Il n’y a pas véritablement de frontière quand à l’âge auquel on entre dans la jeunesse ou on en ressort. Il n’est pas important de fixer un âge d’entrée ou de sortie de la jeunesse, mais en sociologie, on catégorise afin de déterminer s’il y a des différences entre tranches d’âge. Il s’agit de catégories provisoires et conjoncturelles, l’âge de sortie est fixé à 24, 29 ans, ou encore entre 18 à 22 ans si l’on s’intéresse aux personnes qui vont voter en 2012 pour la première fois à une élection présidentielle.

Les éléments qui déterminent ce qu’est la jeunesse ne sont pas adaptés pour des études quantitatives. La fin de la jeunesse peut être liée à l’entrée dans des responsabilités, comme la parentalité, un emploi stable, un couple stable. On ne doit pas accorder trop d’importance à la définition de la jeunesse selon une tranche d’âge arrêtée.

Leur vote est-il différent des autres tranches d’âge ?

Dans le cadre des sondages, qui sont déclaratifs, on ne voit pas forcément de différences avec les autres tranches d’âge. Dans les actes, les plus jeunes on un comportement plus abstentionniste, mais ça dépend des élections. L’abstention est beaucoup plus forte pour les élections européennes, législatives et cantonales. En revanche pour l’élection présidentielle, il y a peu de différence dans la participation entre les tranches d’âge.

En terme d’orientation politique, il faut être prudent, mais en général, à toutes les élections sous la Ve République, les jeunes sont légèrement plus à gauche et les plus âgés plus à droite.

On peut donner plusieurs explications. Il y a une orientation de type, cycle de vie. Les jeunes sont plus marqués par des idées plus généreuses et moins attentifs à des considérations matérielles. Alors que les tranches d’âge plus âgées votent de manière plus prudente et réaliste.

Quels éléments expliquent les variations de participation aux élections ?

Le taux d’abstention varie selon les élections elles-mêmes. Entre 15 et 28% pour une élection présidentielle. Pour des élections législatives, européennes ou cantonales on peut dépasser les 50% d’abstention sur l’ensemble du corps électoral. Pour la cantonale de mars 2011, seul un jeune sur trois a été voter au 1er tour, pour un taux général de 56% d’abstention.

Pour expliquer cette abstention, tous les politologues ne sont pas d’accord, mais on peut donner quelques raisons et lutter contre des idées reçues.

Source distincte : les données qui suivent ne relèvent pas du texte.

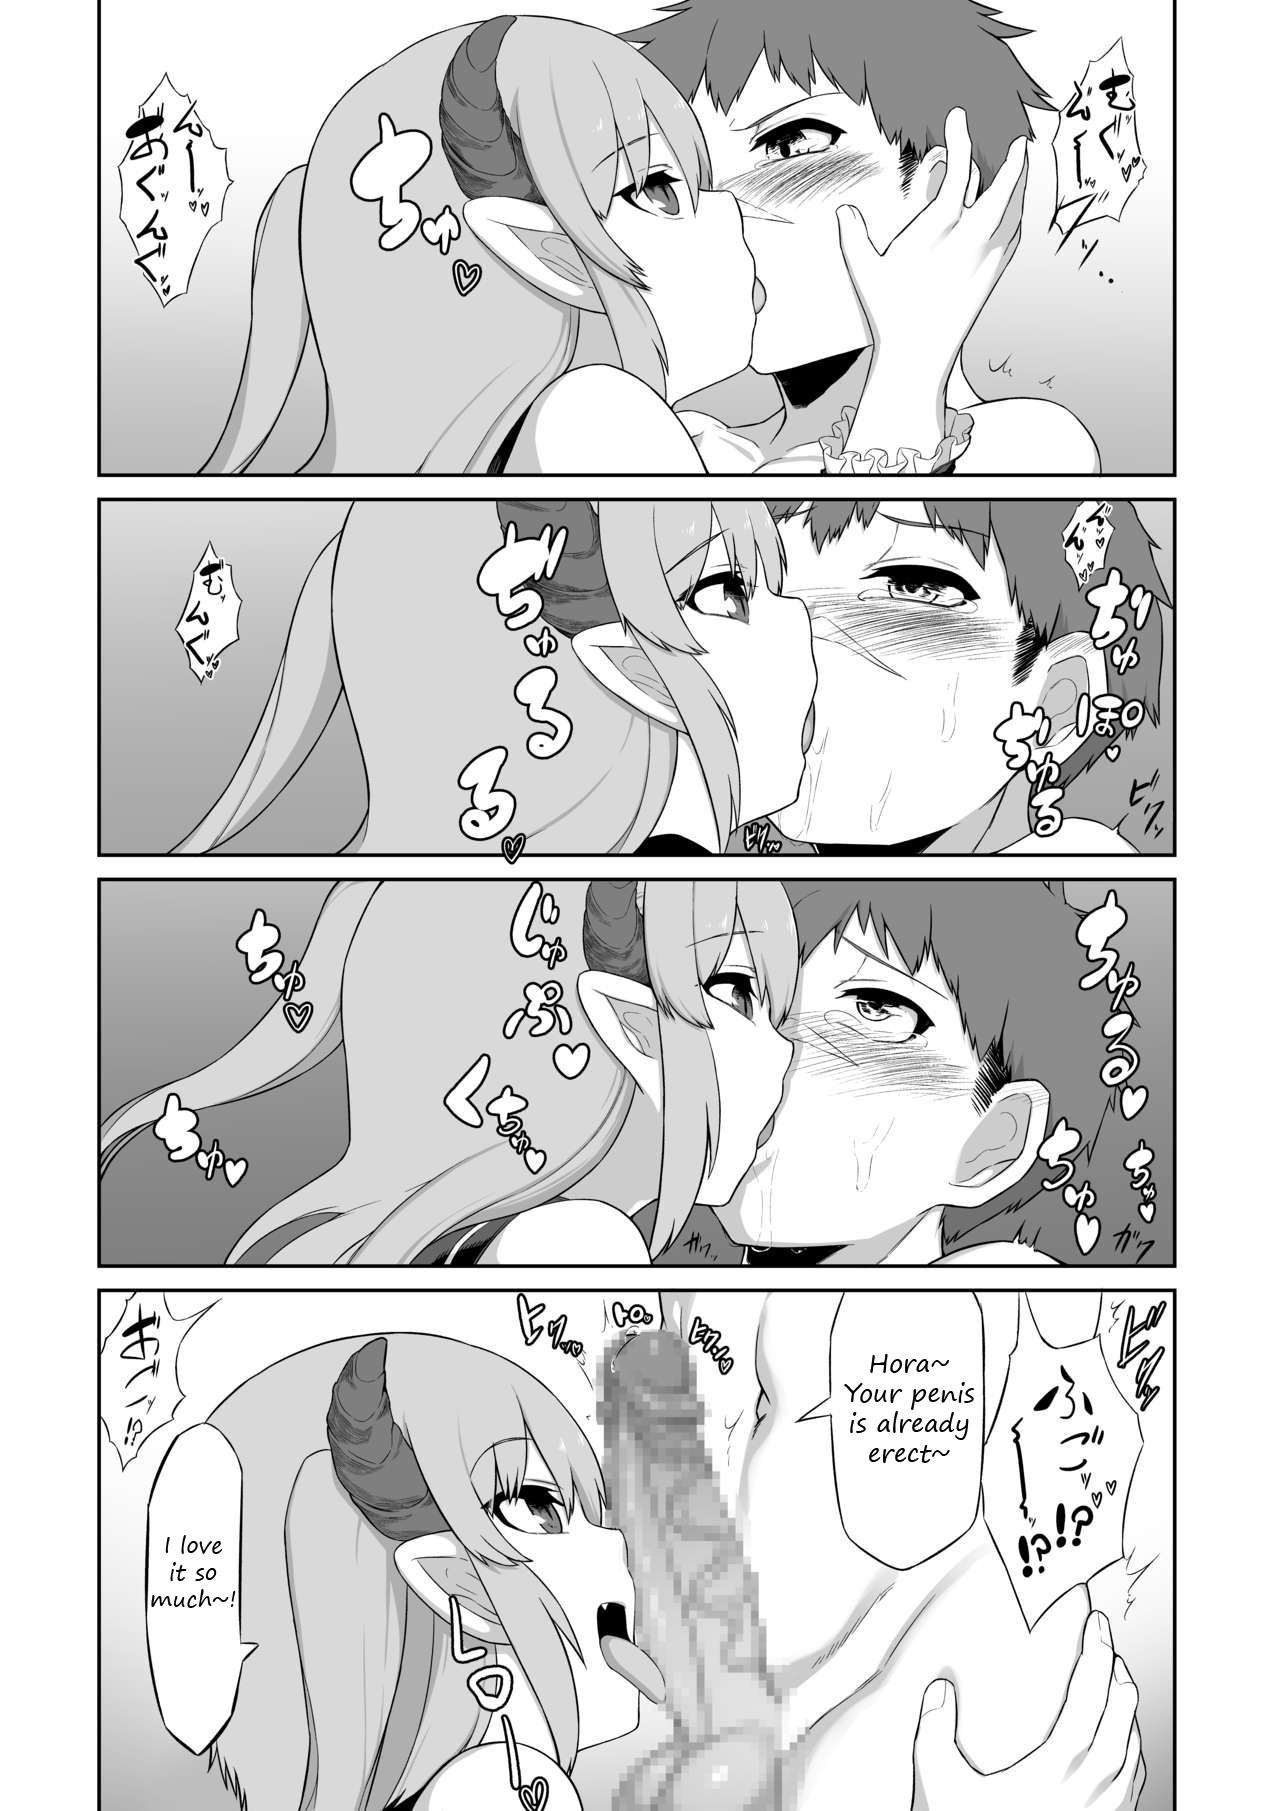 Shecock Futago Succubus to Mahou no Onaho | The Succubus Twins and the Magical Onahole - Original Bwc - Page 8
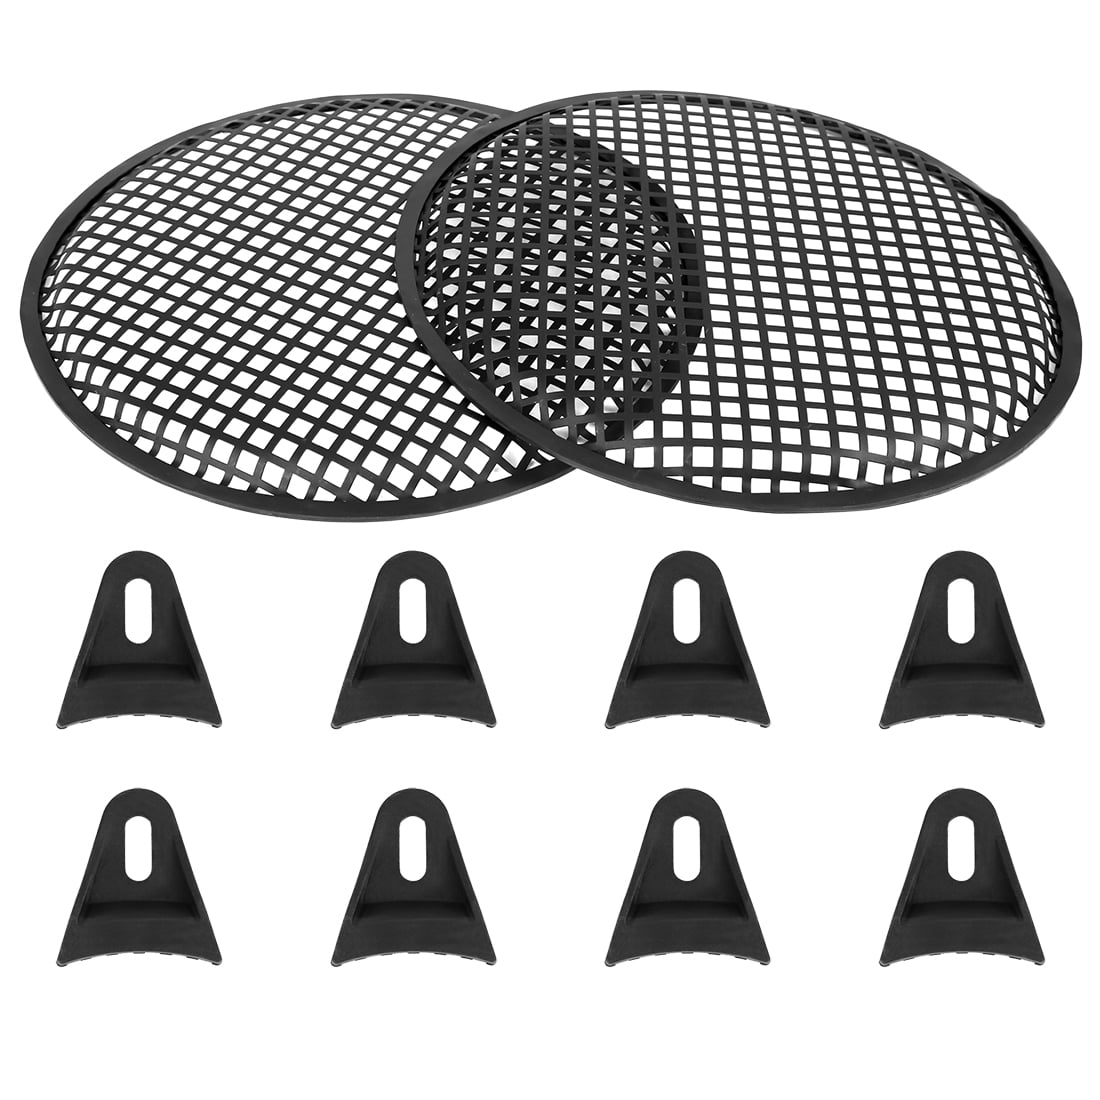 X AUTOHAUX 2pcs 10 Inch Black Metal Car Bar Grille Speaker Subwoofer Grill Cover Protector

Les jeunes ne sont pas moins politisés. Toutes les enquêtes montrent qu’ils s’intéressent autant à la politique et ont autant de compétences pour la comprendre que les autres générations.

Des sociologues considèrent que ce serait parce qu’ils sont moins insérés dans la vie active. Anne Muxel parle du moratoire des années de jeunesse. A cette période on est encore en période de formation et de socialisation politique. Aujourd’hui on rentre dans l’âge adulte de plus en plus tard à cause de l’allongement des études, des stages, du chômage.

Mais ça n’explique pas tout. La culture politique n’est plus la même. Des générations précédentes votaient par sens du devoir, pour être un bon citoyen, et votaient donc parfois sans vraiment choisir mais par défaut. Aujourd’hui parmi les jeunes générations, on vote quand on a le sentiment qu’il y a un candidat meilleur que l’autre, ou pour barrer la route à un candidat qu’on craint.

Il y a un fort processus d’individualisation dans notre société qui existe aussi en politique. On ne veut pas faire comme les autres mais pouvoir juger par soi-même. Le vote est plus vu comme un droit qu’on exerce s’il est pertinent.

Enfin, une des explications de la hausse de l’abstention, ne touche pas que les jeunes. Il y a un rejet de la culture politique de plus en plus répandu et donc la hausse d’une abstention de type protestataire. Ce type d’abstention est liée au vote populiste.